If you'd like to try your hand at making おでん (oden) for yourself this autumn, check out these two recipes:
- Oden (Japanese Fish Cake Stew) おでん - Just One Cookbook (English)
- Oden - Cookpad (Japanese)
4. おはぎ (ohagi)
Ready for something sweet? My next recommendation is おはぎ (ohagi).
An iconic autumnal treat that became popular in the late Edo period (1603-1867), ohagi are sweetened mochi (sticky rice cakes) covered in red adzuki beans. If you're not a fan of adzuki, you may want to think carefully before skipping on them, as they are said to protect from calamity and ward off evil!
If you're a particularly ardent lover of 和菓子 (wagashi - traditional Japanese confections), you may be wondering what the different between おはぎ (ohagi) and 牡丹餅 (botamochi) is. After all, these two foods look basically identical.
While it appears there are a few ideas out there about the difference between おはぎ (ohagi) and 牡丹餅 (botamochi), a popular theory is that the key difference is their seasonality, with おはぎ (ohagi) being the name for this food in the autumn and 牡丹餅 (botamochi) its name in the spring.
If this sounds arbitrary, it may interest you to know that おはぎ (ohagi) is believed to be named after the bush clover (萩 - hagi, pictured) that blooms during the autumn in Japan, while 牡丹餅 (botamochi) takes its name from the tree peony (牡丹 - botan), which blooms in the spring.
Whatever the true story behind おはぎ (ohagi) vs 牡丹餅 (botamochi), this is another food to keep an eye out for during any autumn trip to Japan!
For those who can't wait, here are two recipes you can check out:
5. 焼き芋 (yaki-imo)
Last but not least, it's time to talk about what is surely one of the most popular autumn foods in Japan: 焼き芋 (yaki-imo)!
A quick language note before we talk more about this amazing food:
- 焼き芋 (yaki-imo) translates to "baked potato", but in Japan generally refers to baked sweet potato
- Sweet potato itself is called サツマイモ (satsuma-imo)
So far so underwhelmed?
Let me introduce you to just a few of the exciting ways in which 焼き芋 (yaki-imo) can blow your mind with its sweet autumnal goodness...
1. The 焼き芋 (yaki-imo) Food Truck
Probably the common way you're likely to encounter 焼き芋 (yaki-imo) is being sold out of little food trucks like the one in the video below.
Have a listen to the video and see if you can hear the vendor calling out "potatoes!" -「お芋！」(o-imo).

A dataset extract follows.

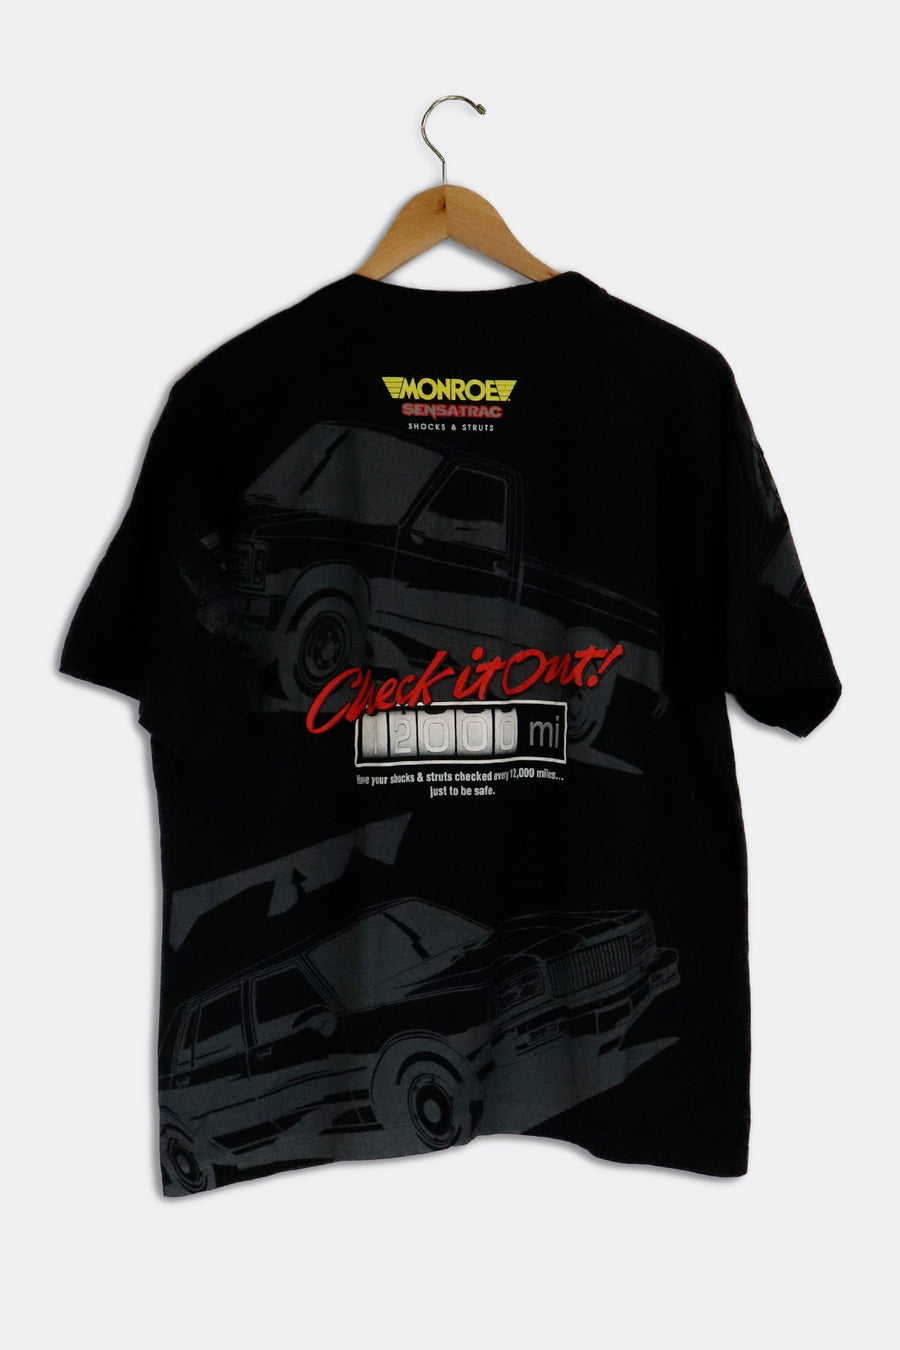 Vintage Monroe Racing Check It Out T Shirt Sz L

Keen to try making your own Japanese-style 焼き芋 (yaki-imo)? Check out this in-depth recipe by (you guessed it) Just One Cookbook.
2. Sweet Potato Ice Cream
One of the first unusual food experiences I remember having during my year abroad in Japan back in 2014-2015 was trying sweet potato ice cream. I don't think it had ever crossed my mind that these two flavours could be combined, but I have to say, it was pretty good!

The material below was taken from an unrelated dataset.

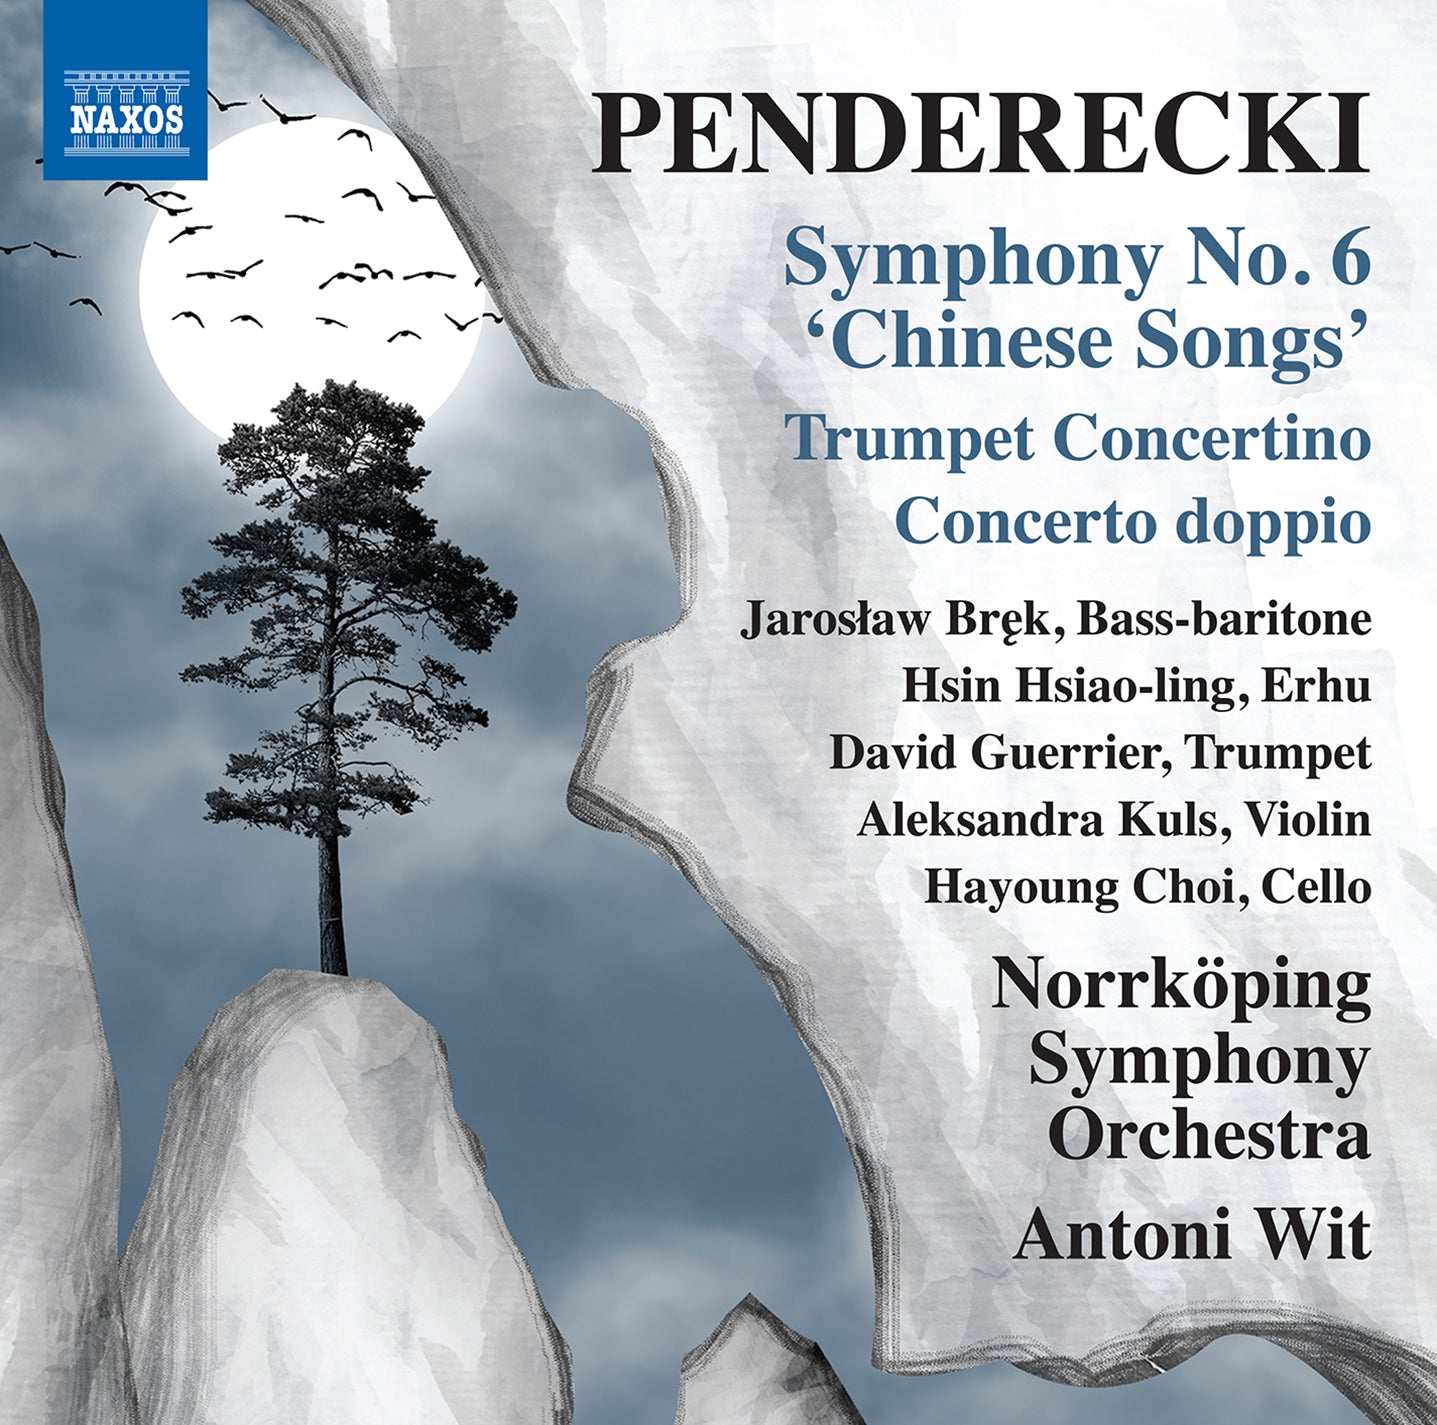 Penderecki: Symphony No. 6 "Chinese Songs" / Wit, Norrköping Symphony

If you're wondering whether the ice cream flavour is that of 焼き芋 (yaki-imo) or サツマイモ (satuma-imo), the answer is you can get both!
When it comes to the non-baked variety, even global brands such as Häagen-Dazs have recently dipped their toes into the world of sweet potato-flavoured ice cream. (Read one review here.)
3. 焼き芋ブリュレ フラペチーノ (yaki-imo buryure furapechiino)
If you're on top of your katakana game, you'll already know what I'm about to say: Starbucks in Japan has sweet potato frappucinno! (Not a food, I know, but I couldn't resist!)
While I'm not generally a huge fan of Starbucks, I do have to give them points for adapting their menu to the Japanese market. If you think you can handle the sugar rush, why not give it a go?
You've reached the end of this post! I hope you enjoyed it.